Parsing text, but keeping punctuation


I'm using this little piece of code to go through some inputted text and extracting sentences separated by the markers:

NSCharacterSet *punctuation =
[NSCharacterSet characterSetWithCharactersInString:@".!?\n"];
NSArray *parts = [data componentsSeparatedByCharactersInSet:punctuation];

The issue is that the resulting array is stripped from the punctuation. How do i go about storing the data with the appropriate punctuation? If possible, i'd like keep sentences marked with a newline (\n) as they are.

For example, if I enter this:

This is a sentence. It is marked by a period. This sentence is not marked by one How do you do? I'm doing very good!

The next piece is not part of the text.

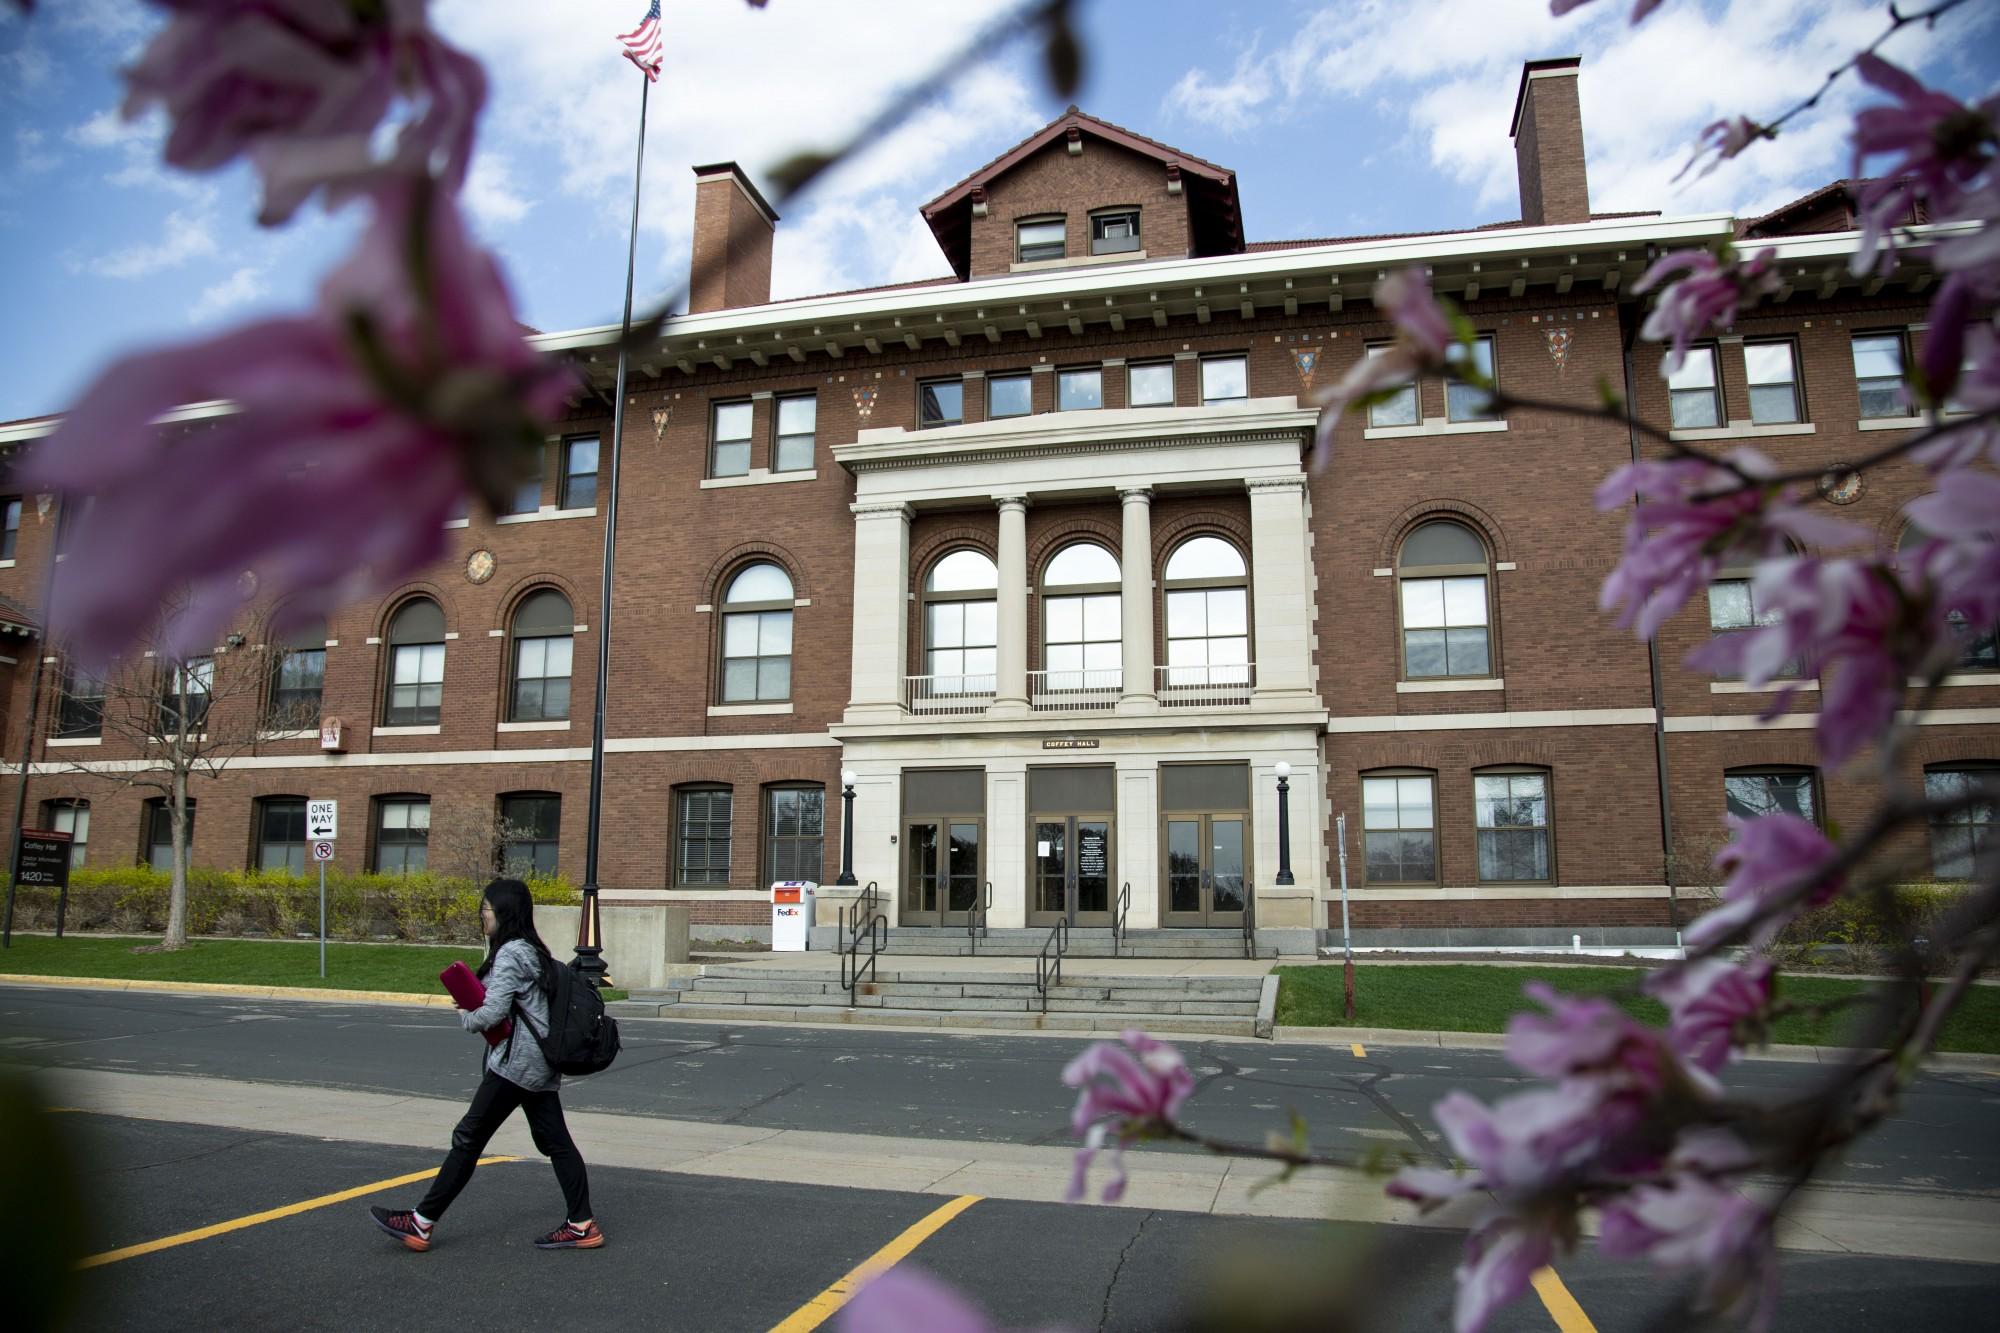 4:40 p.m. A student walks past Coffey Hall.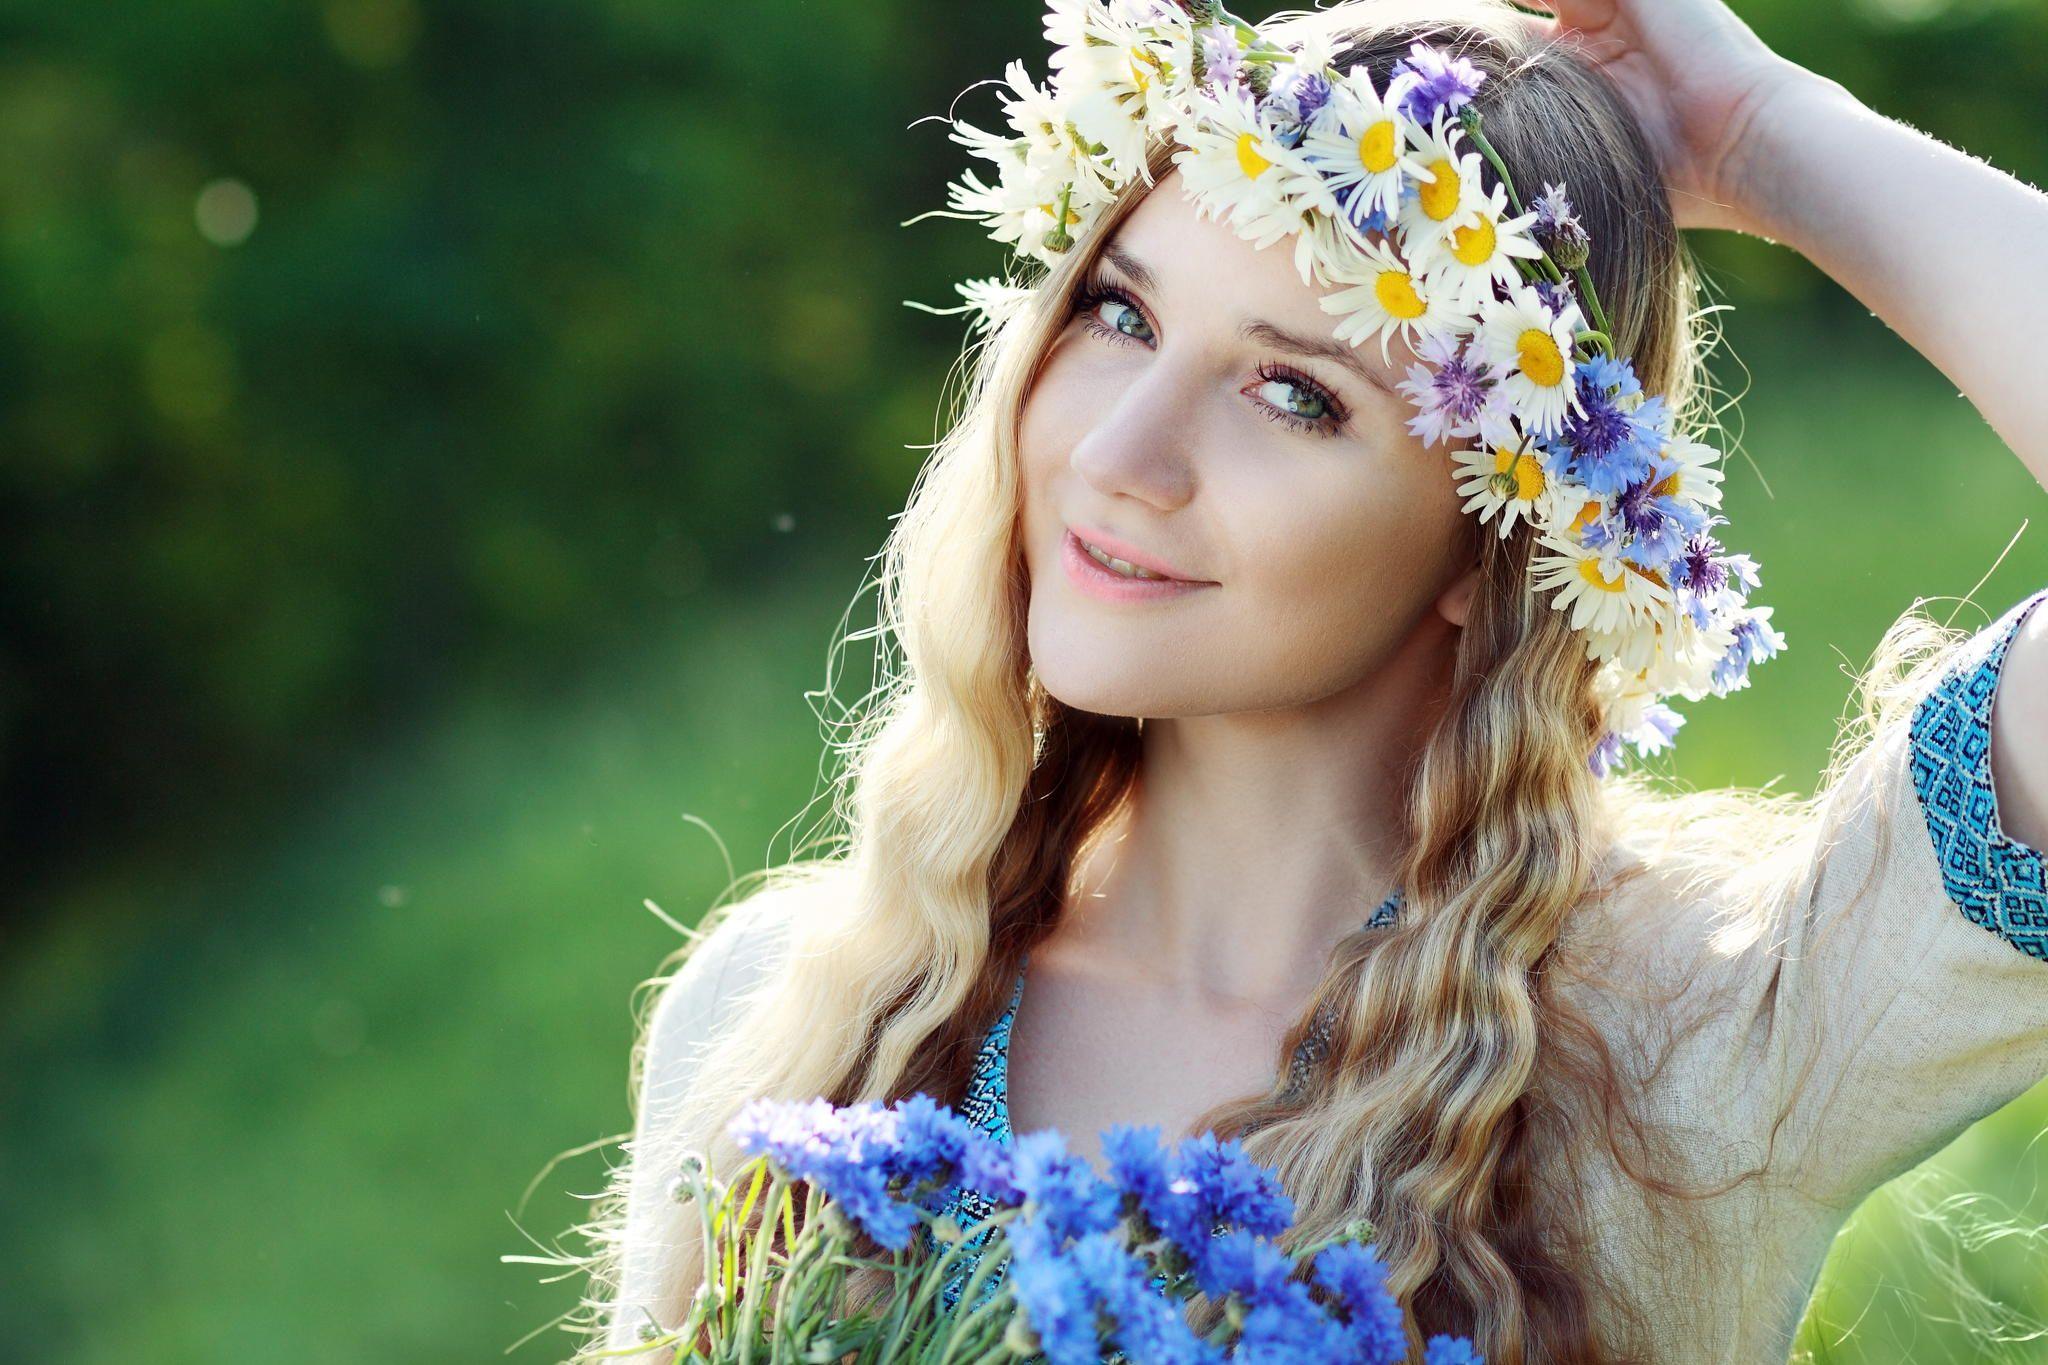 Beautiful ukrainian woman with flower wreath in fresh summer morning beautiful ukrainian woman with flower wreath in fresh summer morning izmirmasajfo

I'd like to get something like this:

This is a sentence.
It is marked by a period.
This sentence is not marked by one
How do you do?
I'm doing very good!


Solution

  • Hope this helps:

    NSString *string = @"This is a sentence. It is marked by a period. This sentence is not marked by one How do you do? I'm doing very good!";
    NSError *error = nil;
    NSString *pattern = @"(\\.|,|!|\\?|\\n)\\s*";
    NSRegularExpression *expression = [NSRegularExpression regularExpressionWithPattern:pattern
                                                                                options:0
                                                                                  error:&error];
    if (expression)
    {
        NSArray *matches = [expression matchesInString:string
                                               options:0
                                                 range:NSMakeRange(0, [string length])];
        NSLog(@"%@", matches);
        if ([matches count] > 0)
        {
            NSMutableArray *sentences = [[NSMutableArray alloc] initWithCapacity:[matches count]];
            NSUInteger sentenceStart = 0;
            for (NSTextCheckingResult *result in matches)
            {
                NSUInteger sentenceEnd = result.range.location + 1;
                [sentences addObject:[string substringWithRange:NSMakeRange(sentenceStart, sentenceEnd - sentenceStart)]];
                sentenceStart = sentenceEnd + (result.range.length - 1);
            }
            NSLog(@"%@", sentences);
        }
    }
    else
    {
        NSLog(@"ERROR: %@", error);
    }